Perhaps it was the air, the pervasive smell of stored hay in the farms all about the city, with the soft tones of autumn, that reminded him of another age. If you ignored the jets— the two elderly couples seemed to have no trouble doing this — you could even delude yourself at times that you were on a farm.

At first Leonhard felt ashamed because the older people seemed more able to stand the strain of not knowing what was going to happen. Even the old man who had panicked in the car and had not wanted to return to the city now seemed calmer than he. But what Leonhard Meir didn’t realize was that the old peoples’ hearing had deteriorated to the point that they simply didn’t hear many of the jets. Even so, Meir saw things were changing; morale began slipping rapidly in proportion to the depletion of their canned food stocks and the introduction of severe rationing, all farms’ produce being claimed by the Russian authorities. For a while, supplies of canned goods had held out, and the fall having been reasonably mild to this point meant that some of the late vegetables were also available, though these, too, very quickly ran out. Still, for a time, the Berliners’ renowned sense of humor, never entirely understood by most other Germans, who had never lived surrounded in a Communist sea, had held. Then, when all reserves were gone, shops looted, the sense of humor began to wane — even around the outer suburbs such as Lübars, closer to farms than the inner suburbs. It became evident that “old” Berliners, especially those who had lived in what had once been the old, Western sector, were expendable.

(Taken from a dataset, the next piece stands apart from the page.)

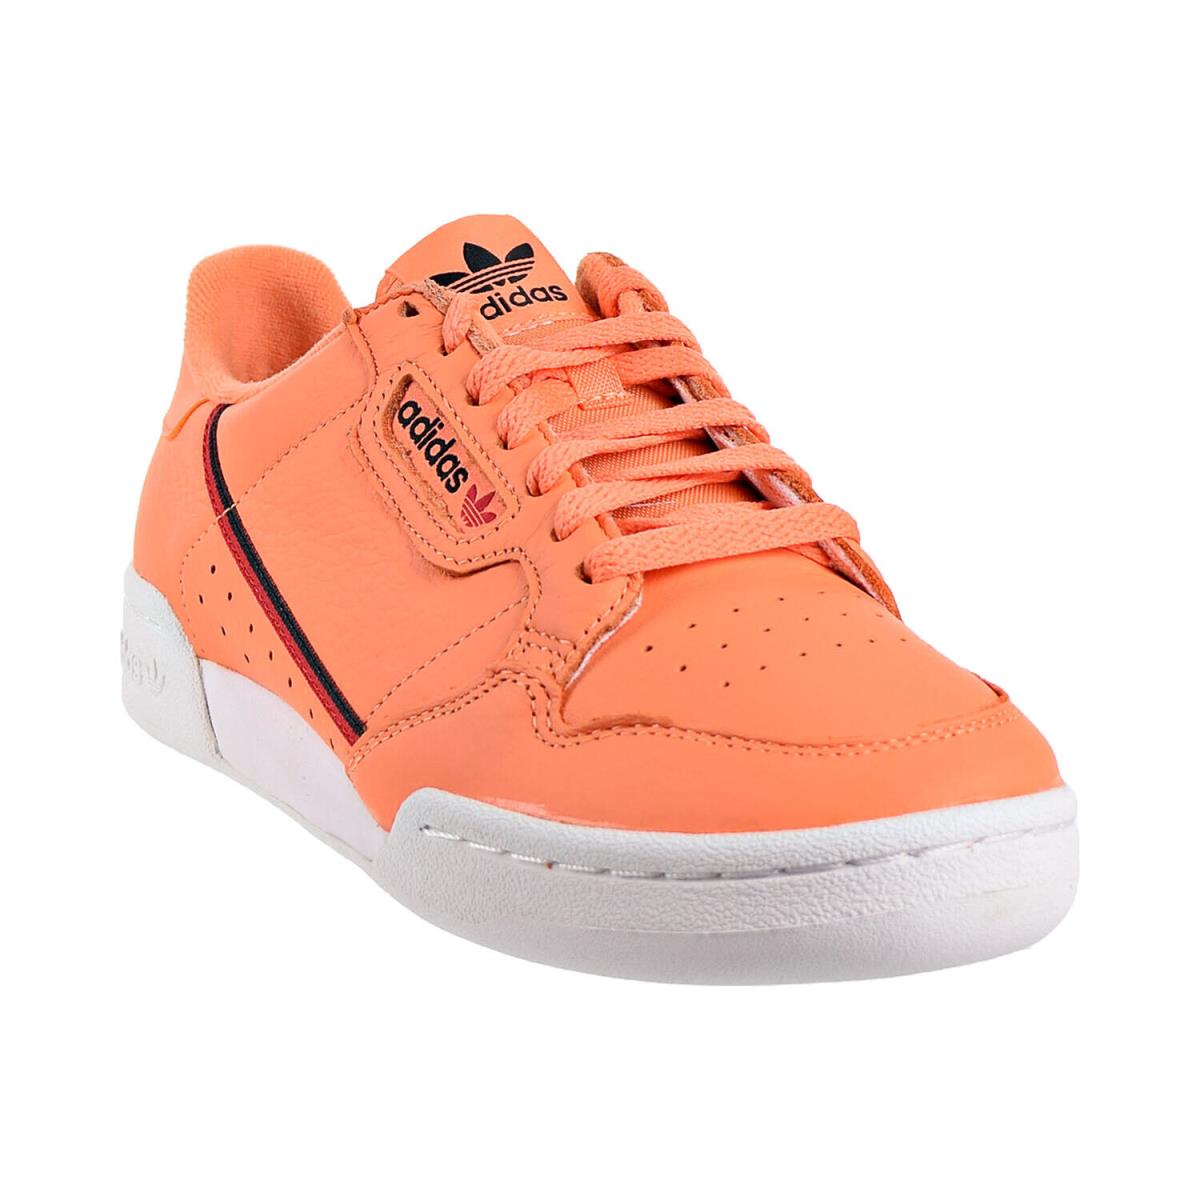 Adidas Continental 80 Mens Shoes Easy Orange-core Black-scarlet CG7124 - Easy Orange/Core Black/Scarlet

It was on a Friday morning, one of the old men complaining again about how they had become prisoners in their own apartment, that Leonhard first sensed a resentment of his presence. Once grateful to him for trying to get them out of Berlin, the two couples now saw him as merely another mouth to feed.

Going for a walk to let things cool off a little, Meir pondered how long it would be, if ever, before he’d have any knowledge of his wife, daughter, and grandchildren, let alone his son, who had been stationed at Fulda. But he was determined not to let the depression overwhelm him, always telling himself that tomorrow would see some small improvement. Surely the war couldn’t last much longer. All the experts had said that another war couldn’t last very long. Just as they had told the world Adolf Schicklgruber wouldn’t last long.

Meir heard the village clock strike noon and set his watch ten minutes ahead, an old habit he’d developed on his shoe salesman’s route to make sure he was never late for appointments.

At that moment a squadron of twenty-four British Canberra Mk-8 bombers were taking off from Greenham Common in southern England, their yellow lightning flash insignias either side of the RAF’s blue-circled red bull’s-eye streaked with water from a passing shower. Their target was Berlin.

MiG fighters scrambled in northern Holland, flying out over the hook high above the North Sea.

Seeing the blips of ten MiGs fifty miles east of him, the squadron leader of the twenty-six Canberra bombers crossing the North Sea called for interceptor assist. This wasn’t necessary, however, as RAF ground radar on England’s south coast had already dispatched six aquamarine, bullet-nosed “Tigers” out over East Anglia into a fish-scaled sky to do battle with the MiGs. The Canberras’ commander looked out across his bomber’s wide, stubby-looking wings and, seeing heavy cloud cover over Holland, instructed his pilots that the squadron would detour farther south, below the hook of Holland, which arced like a left-handed scythe toward Germany, then go in for the attack south of Hannover. The Canberras’ navigators recalculated, under instructions from the wing commander to use Magdeburg, twenty-three miles east of the old West/East German line, as the IAP, initial aiming point, for the bombing run on Berlin.